▶ The data
BEGIN

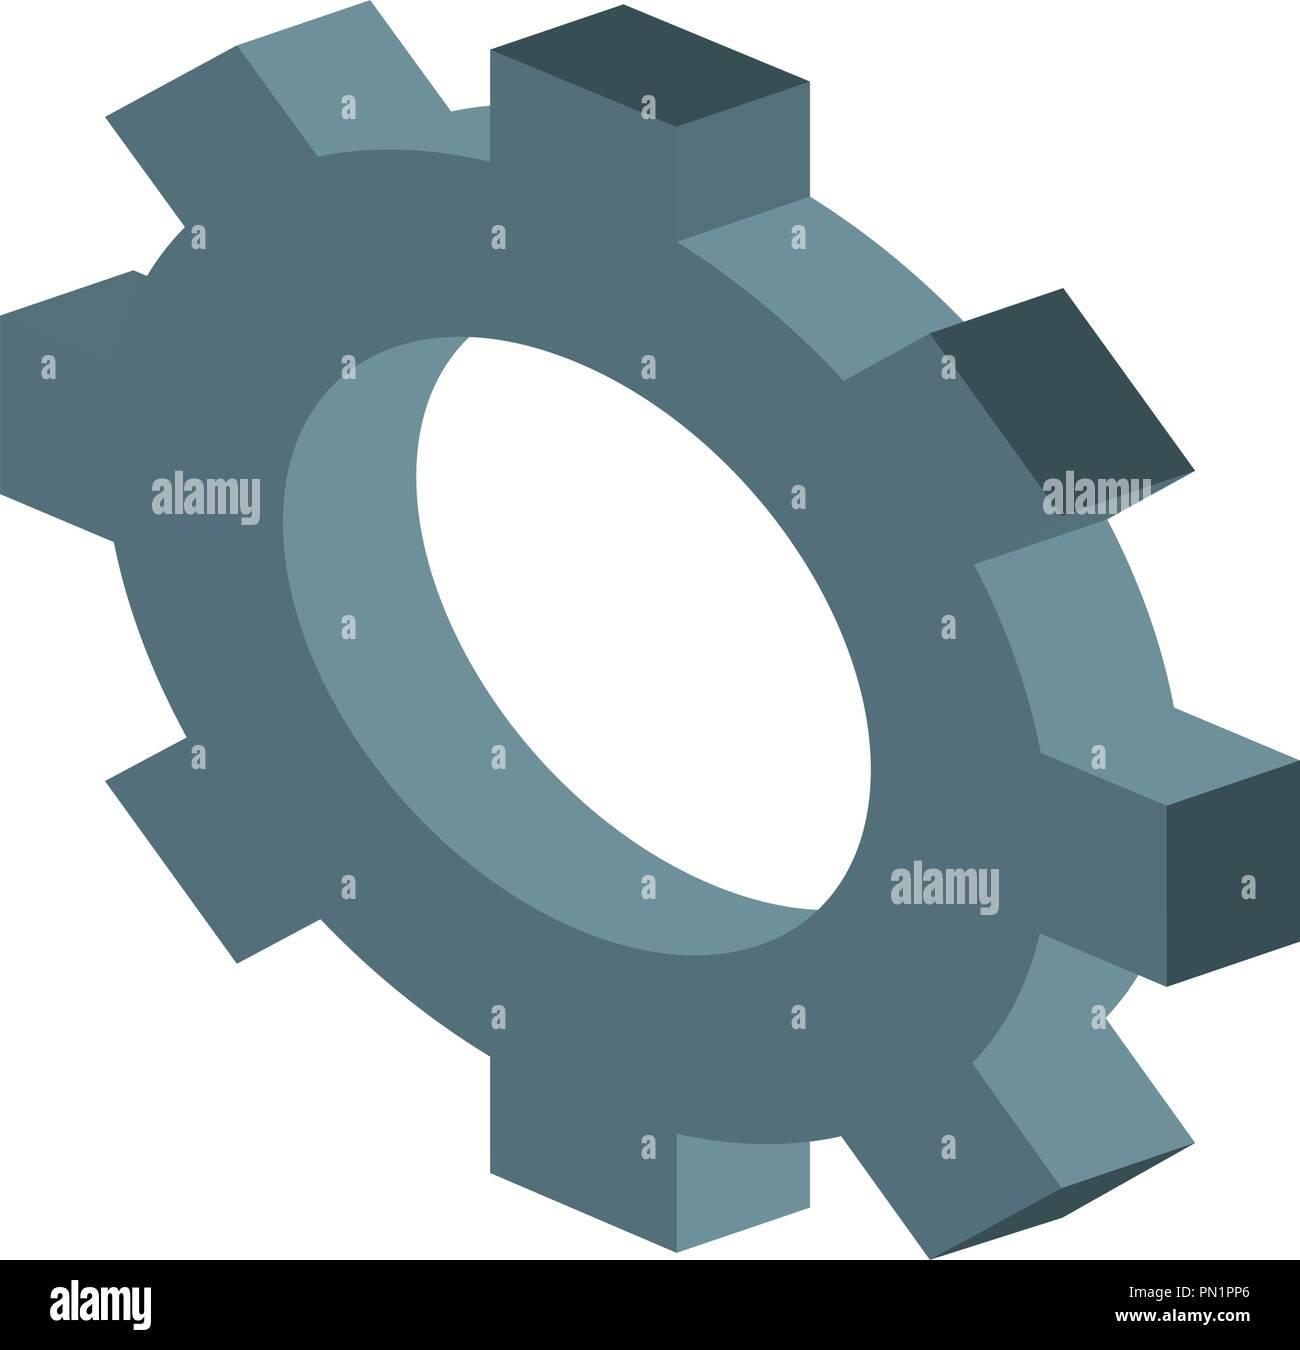 Gears isometric symbol - Stock Image
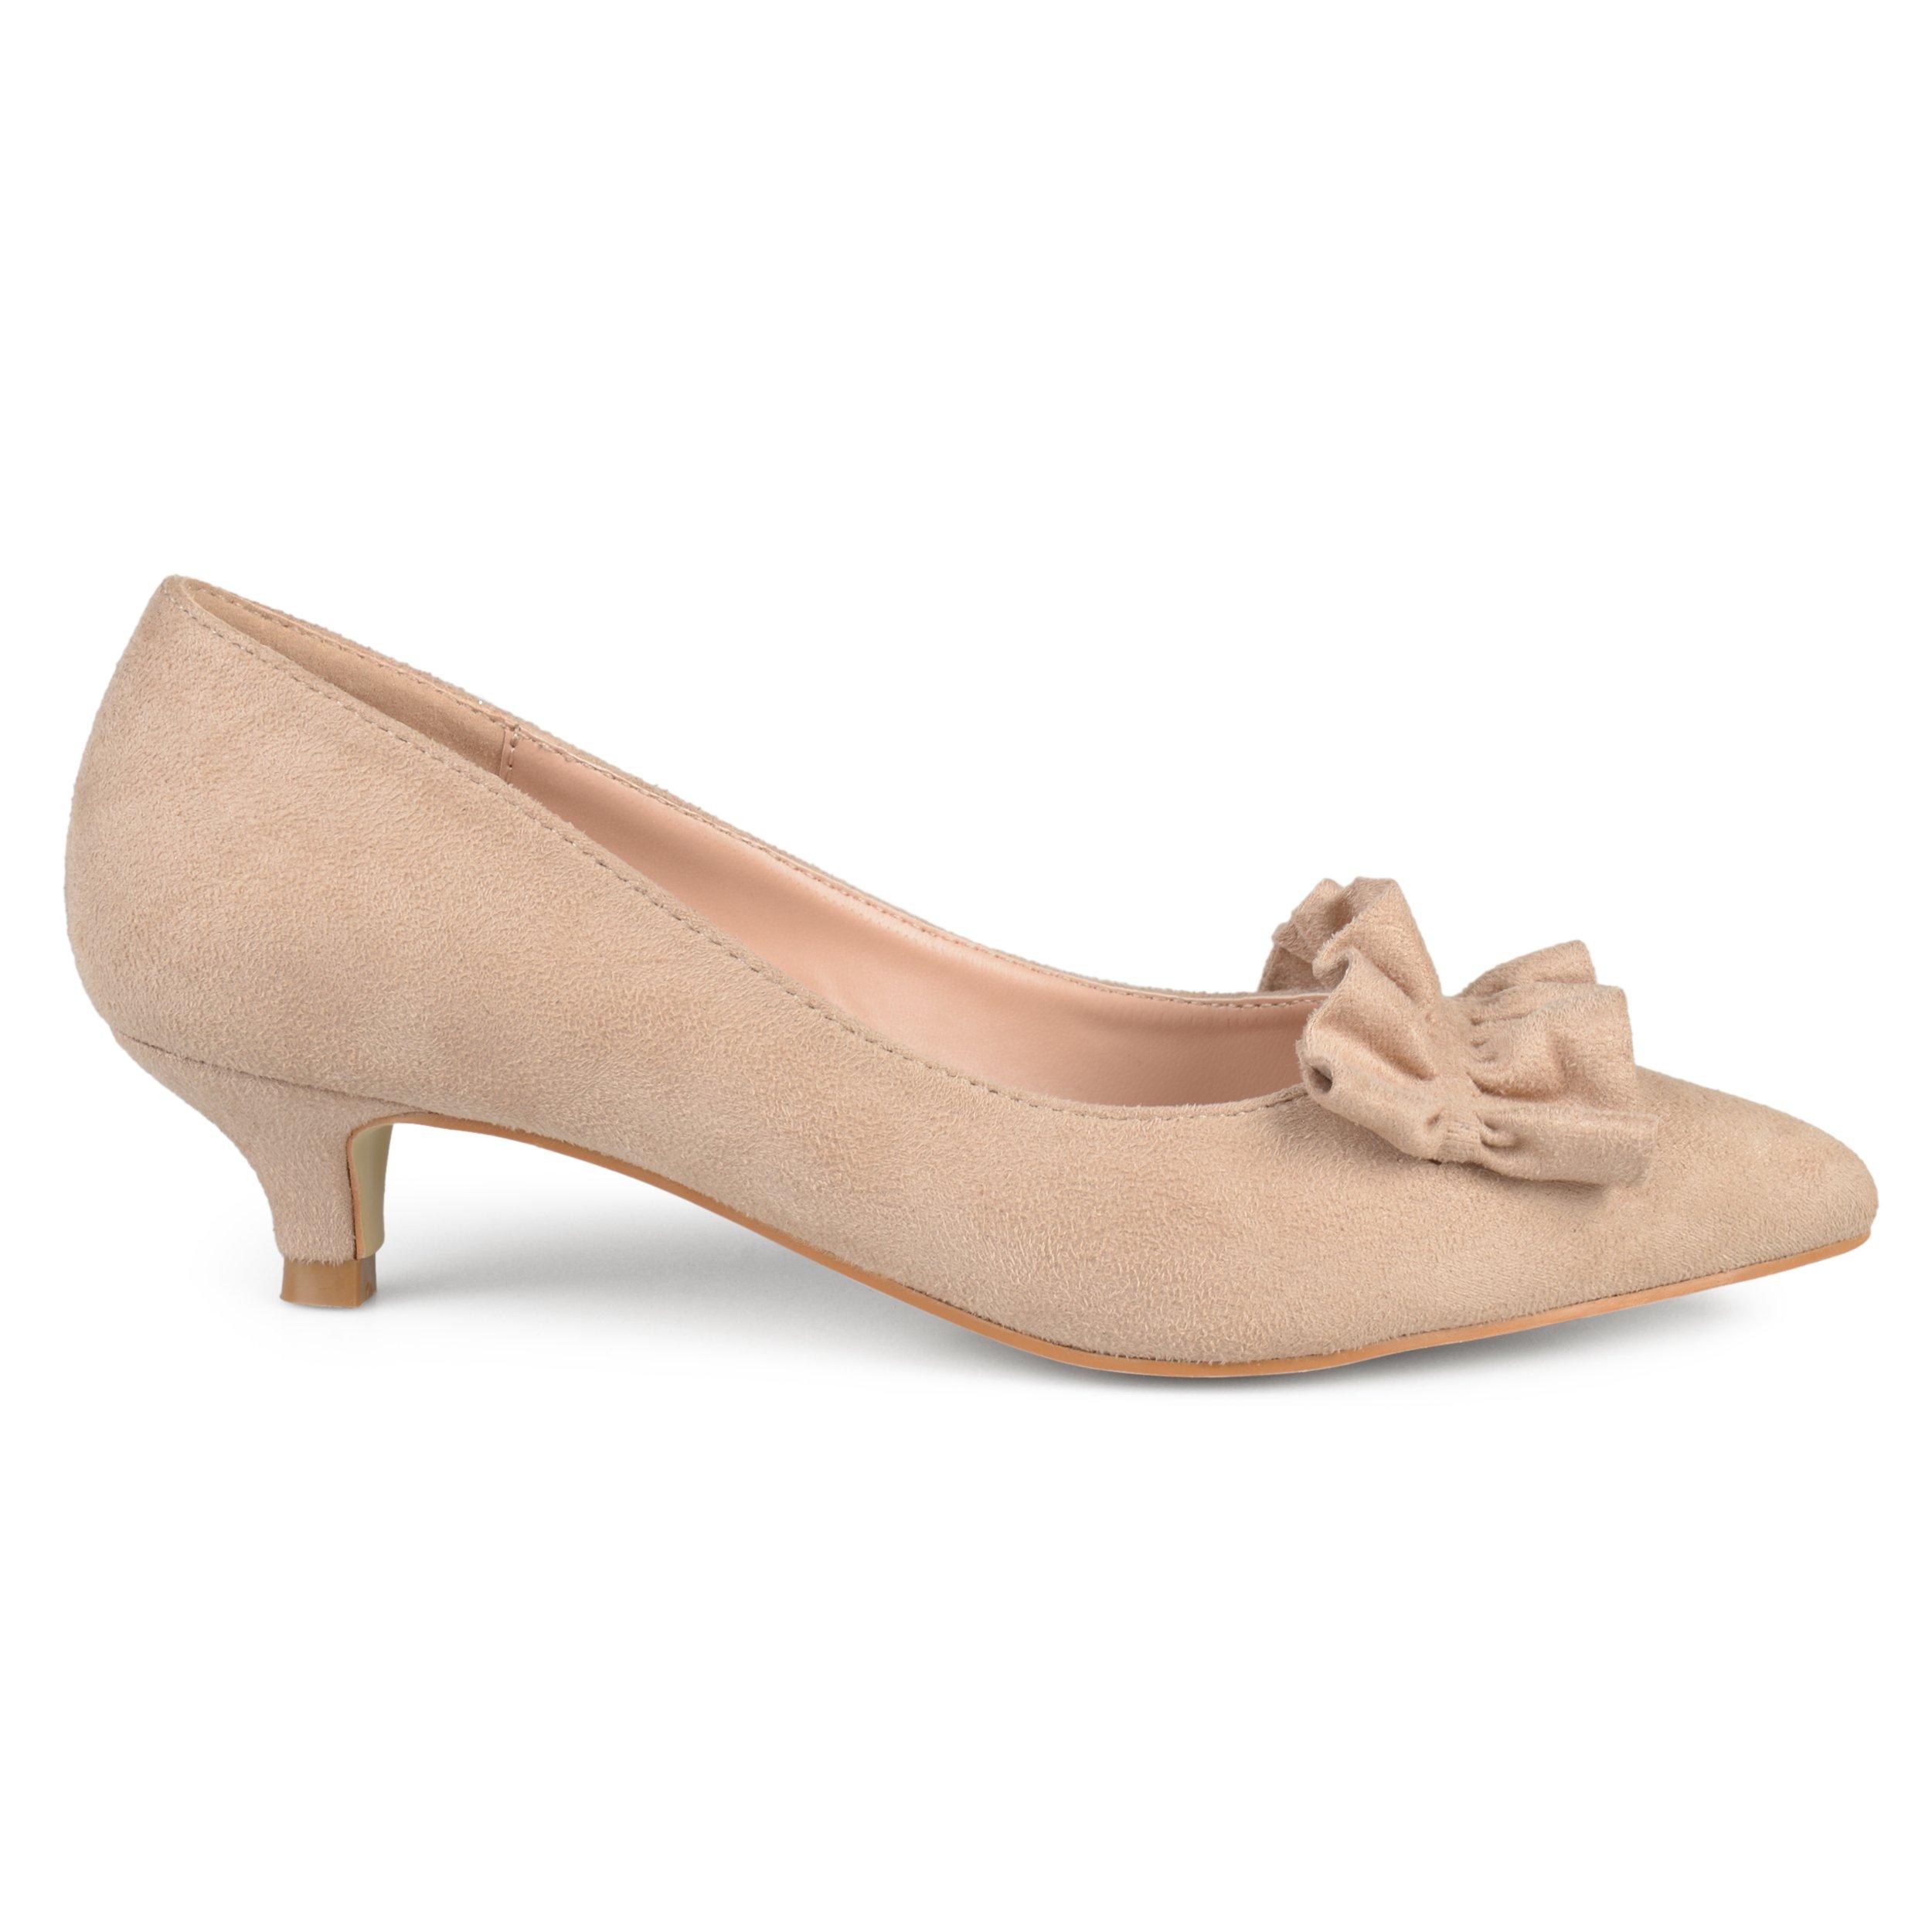 Brinley Co. Womens Faux Suede Ruffle Kitten Heels Taupe, 8.5 Regular US
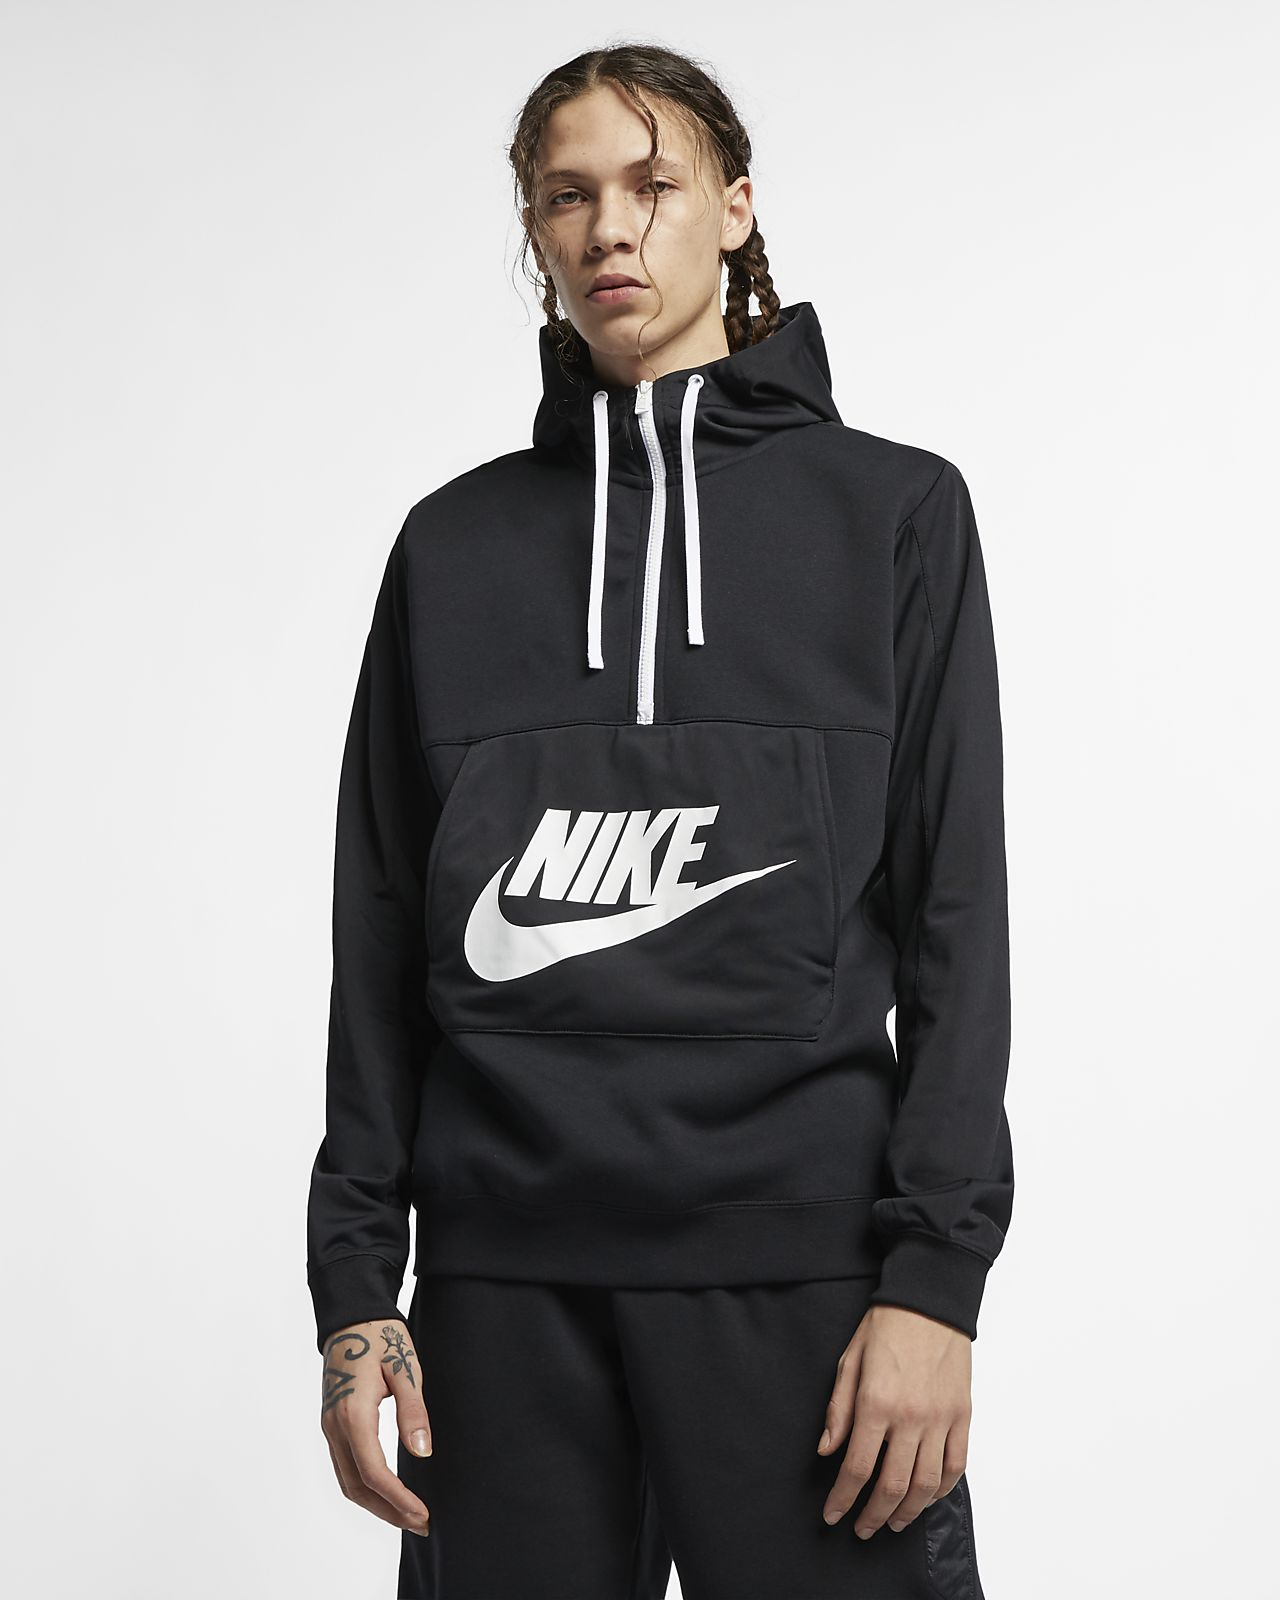 Nike Sportswear rövid cipzáras, kapucnis férfipulóver

END

▶ Task requirements
Retype all of the material above exactly; the pictures stay out.

▶ Task response
 Gears isometric symbol - Stock Image
 Brinley Co. Womens Faux Suede Ruffle Kitten Heels Taupe, 8.5 Regular US
 Nike Sportswear rövid cipzáras, kapucnis férfipulóver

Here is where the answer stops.